Apple Holds the Line on DRAM Shortages—But iPhone Price Stability May Be Near Breaking Point

Apple just wrapped up a standout Q2 2026, delivering another strong earnings performance that underscores how resilient the company remains even in a volatile hardware market. But beneath the upbeat numbers, Apple is signaling a potential problem that could hit consumers where it hurts most: iPhone pricing.

During the quarterly earnings call, CEO Tim Cook cautioned that the memory supply crunch could become a real headwind after the June quarter. Apple is working to limit the impact, but Cook made it clear the company may not be able to fully avoid higher component costs forever. If those costs keep climbing and supply stays tight, Apple could eventually be forced to pass some of that increase on to customers.

The heart of the issue is DRAM and storage. Memory is becoming a much bigger portion of what it costs to build a phone, and projections suggest iPhone memory could soon account for roughly 45 percent of a device’s bill of materials. That shift matters because the price of key components is rising fast—enough that Apple could be looking at around $180 for 8GB of LPDDR5X RAM, creating serious pressure on margins if retail prices stay the same.

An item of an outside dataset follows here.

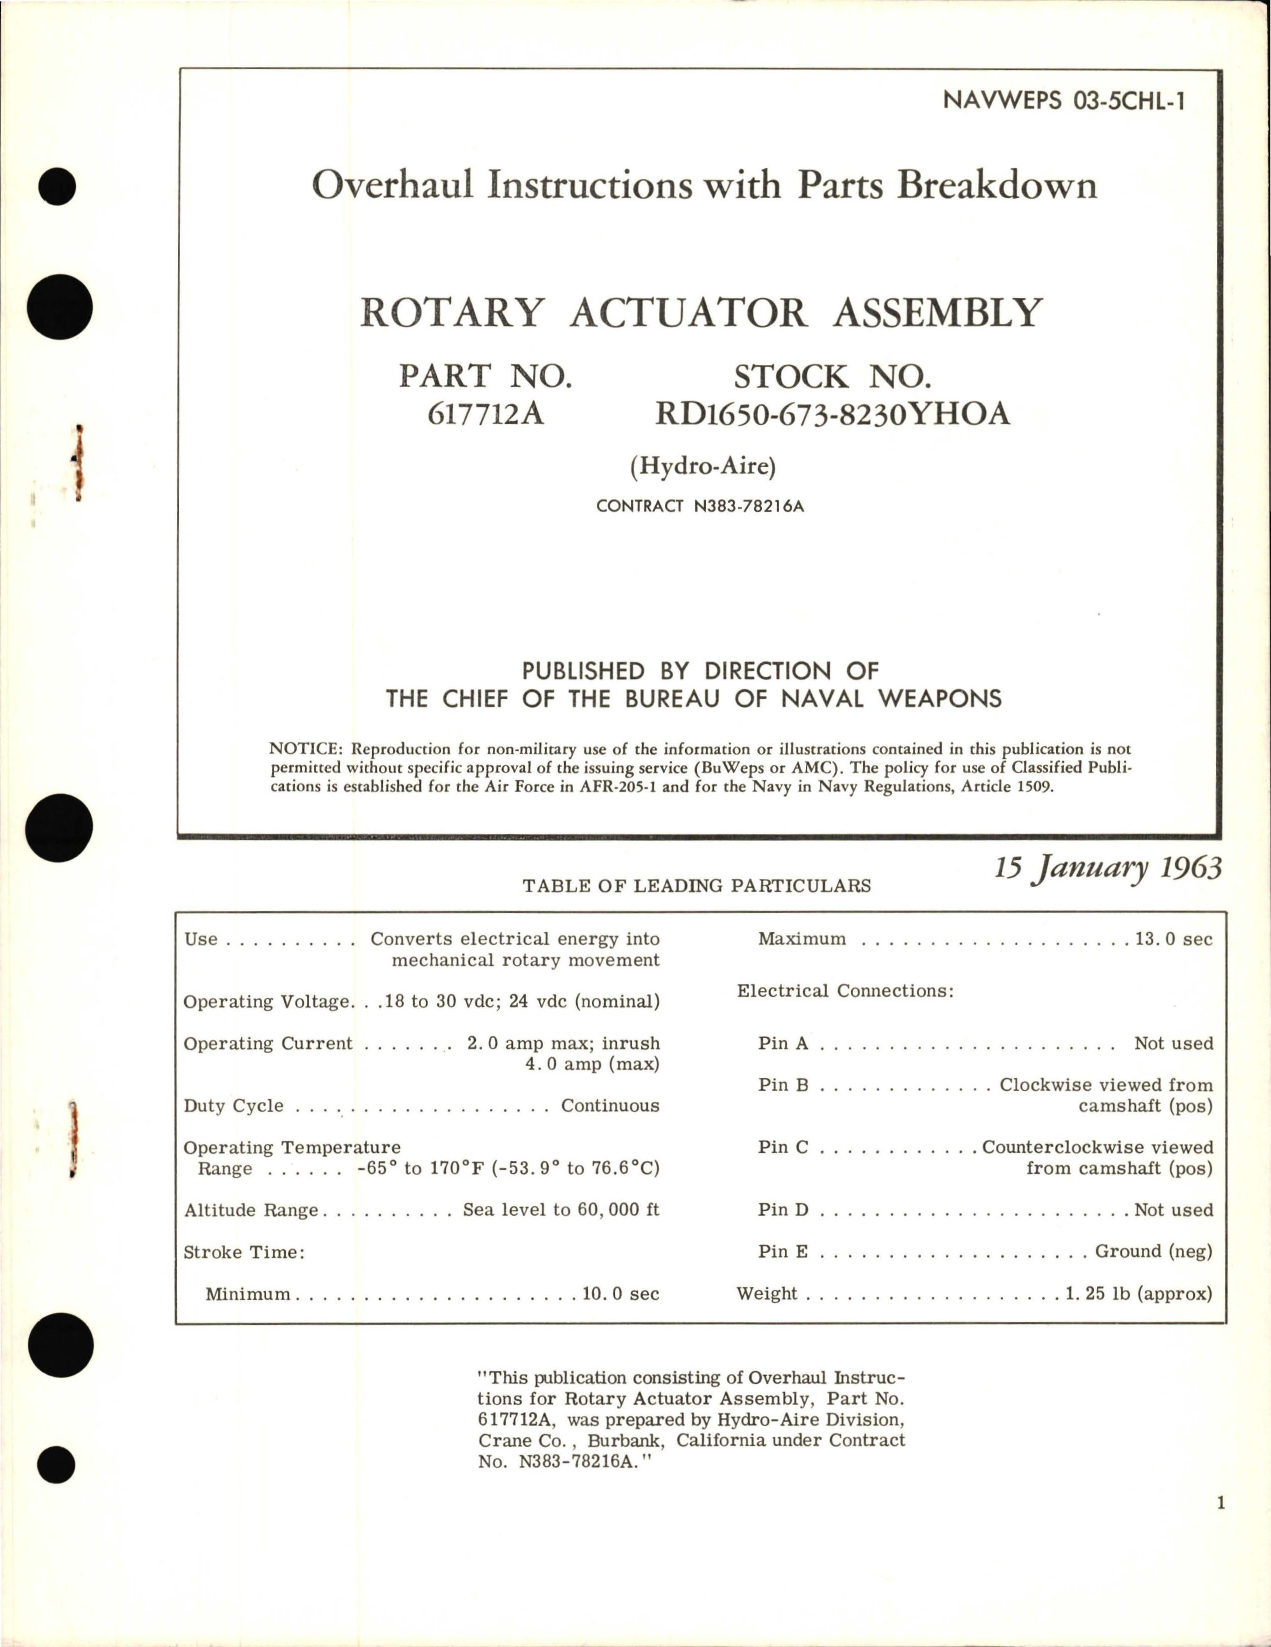 Sample page 1 from AirCorps Library document: Overhaul Instructions with Parts Breakdown for Rotary Actuator Assembly 617712A

So why hasn’t this hit Apple already? According to Cook’s comments, Apple has been able to keep costs under control by pre-purchasing large amounts of memory and storage. That strategy helped protect recent quarters—especially the December and March periods—when profits remained exceptionally strong. The concern is that the June quarter is where supplies of DRAM and NAND flash are expected to tighten, meaning Apple may have to buy newer inventory at higher market prices.

The bigger risk comes after June. Once Apple’s stockpile runs down, the company could be pushed into a corner: either absorb the rising costs or raise prices. That’s particularly notable given the rumors that Apple may try to hold the line on iPhone 18 pricing. A sustained memory shortage would make a price freeze much harder to maintain, especially as Apple ramps up production planning for its next major iPhone launch while component availability gets more uncertain.

Some analysts have argued Apple is in a unique position to weather the storm. With its Services business now bringing in about $30.976 billion, Apple has a powerful financial buffer that could help offset hardware margin pressure. In other words, Apple could choose to ride out the supply crunch without immediately increasing iPhone prices—if it decides protecting price points is worth the trade-off.

Apple is also trying to reduce risk through supply chain efficiencies. One key move has been streamlining parts across product lines, including using the same storage chips across Macs and iPhones. Standardizing components can strengthen negotiating power with suppliers and simplify procurement during shortages—two advantages that matter when supply gets tight and prices jump quickly.

For now, Apple’s results show the company is still executing at a high level. But Cook’s warning is a clear sign that the DRAM and NAND flash situation is not just background noise. If the memory crunch intensifies and Apple’s inventory cushion disappears, iPhone prices could face upward pressure in the quarters ahead.